Jun 6, 2019

Microsoft Azure Cloud Service is used to host malware and control up to 90 computers


AppRiver Security found that Azure Cloud Services still has security issues from phishing templates to malware and command and control services. Research found that its root cause is in Microsoft’s Azure infrastructure.

According to Bleeping Computer, two Azure-related malware attacks occurred in May.

Since May 10, nearly 200 websites hosted on the Azure App Services platform have been used to deploy inexpensive web hosting to maintain scams.

On May 28th, a new form of phishing activity appeared on the network. The attacker disguised the phishing content as an Office 365 warning email, claiming that the user had triggered an intermediate threat alert and used the fake login interface to send the user information to the specified website.

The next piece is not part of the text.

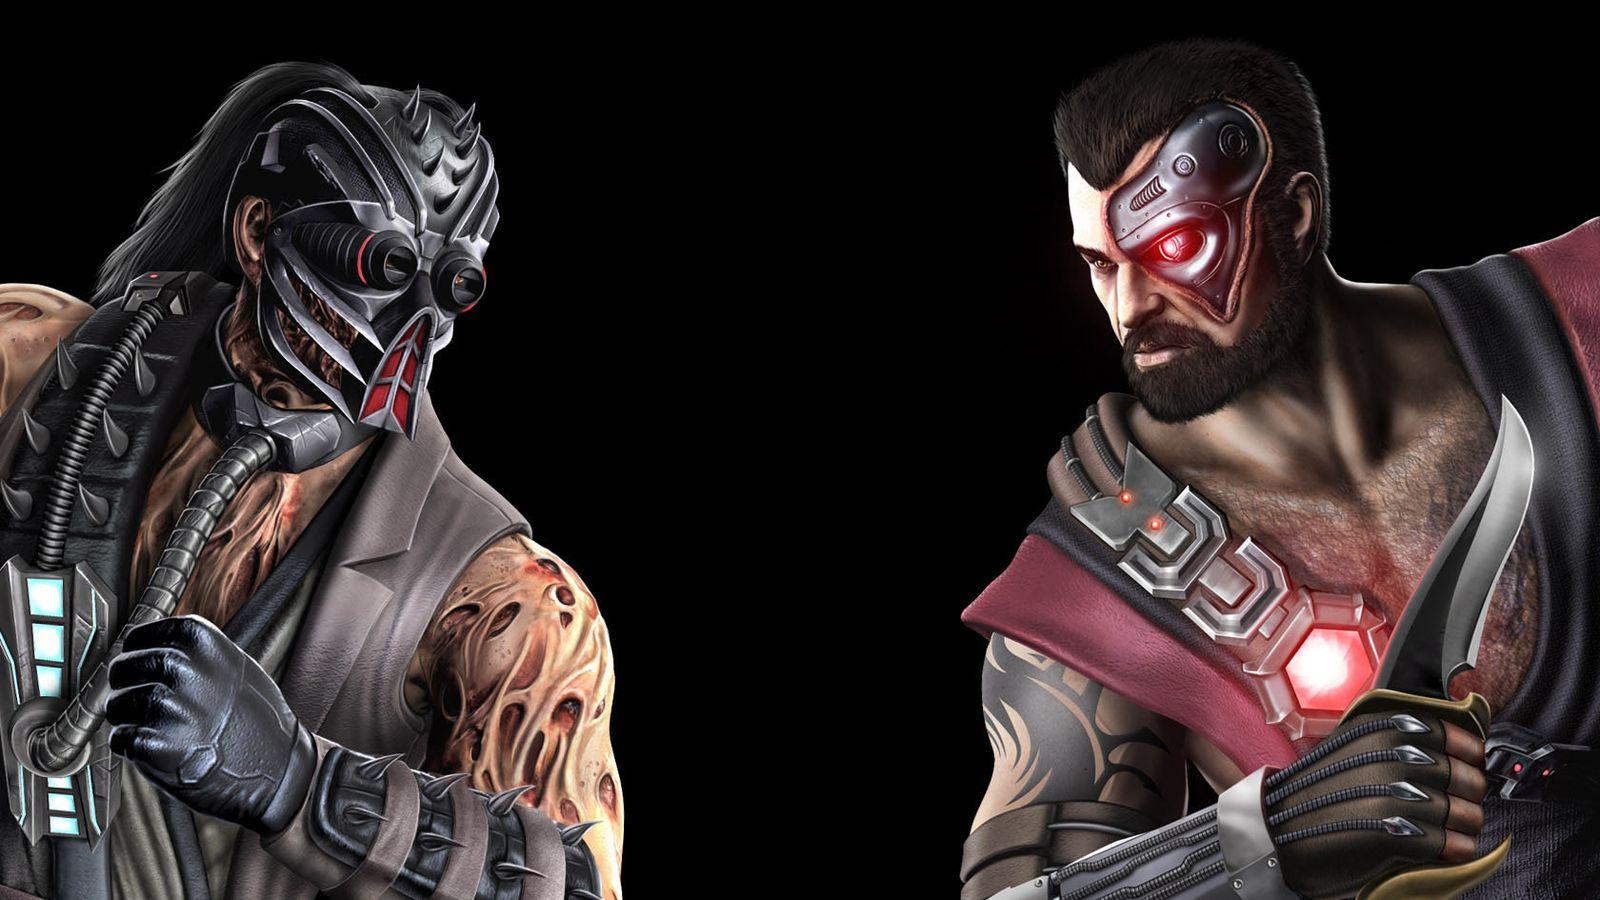 Mortal Kombat Wallpaper. Mortal Kombat Picture: Kabal VS Kano Mortal Kombat Wallpaper

The latest findings from security researchers MalwareHunterTeam and JayTHL indicate that the above events are not independent attacks. After sample analysis, malware and other samples uploaded later are still present in Microsoft’s Azure infrastructure.

“Obviously, Azure has not detected malware residing on Microsoft servers.”

AppRiver’s David Pickett said that one of the examples ‘searchfile.exe’ was indexed by the VirusTotal scan service on April 26 when researching the attack sample. Windows Defender detected it when the user tried to download a malicious file on the computer. And prevent further actions of malicious files.

“Once run, this malicious agent generates an XML SOAP request every 2 minutes to check in and receive commands from the malicious actor Azure command and control site: systemservicex [.] azurewebsites [.] net / data [.] asmx.”

Researcher JayTHL said that the sample being crawled appears to be a simple agent that runs any commands received from the command and control server. If the attacker’s ID number is generated in order, it is determined that up to 90 computers can be controlled.

It is reported that Microsoft Azure is not the first platform to be abused to store malicious information, and similar situations have occurred in Google Drive, Dropbox and Amazon.

Often, cybercriminals can ruin legitimate websites and use them to host malicious content, and attackers can start a new round of action with little risk and cost.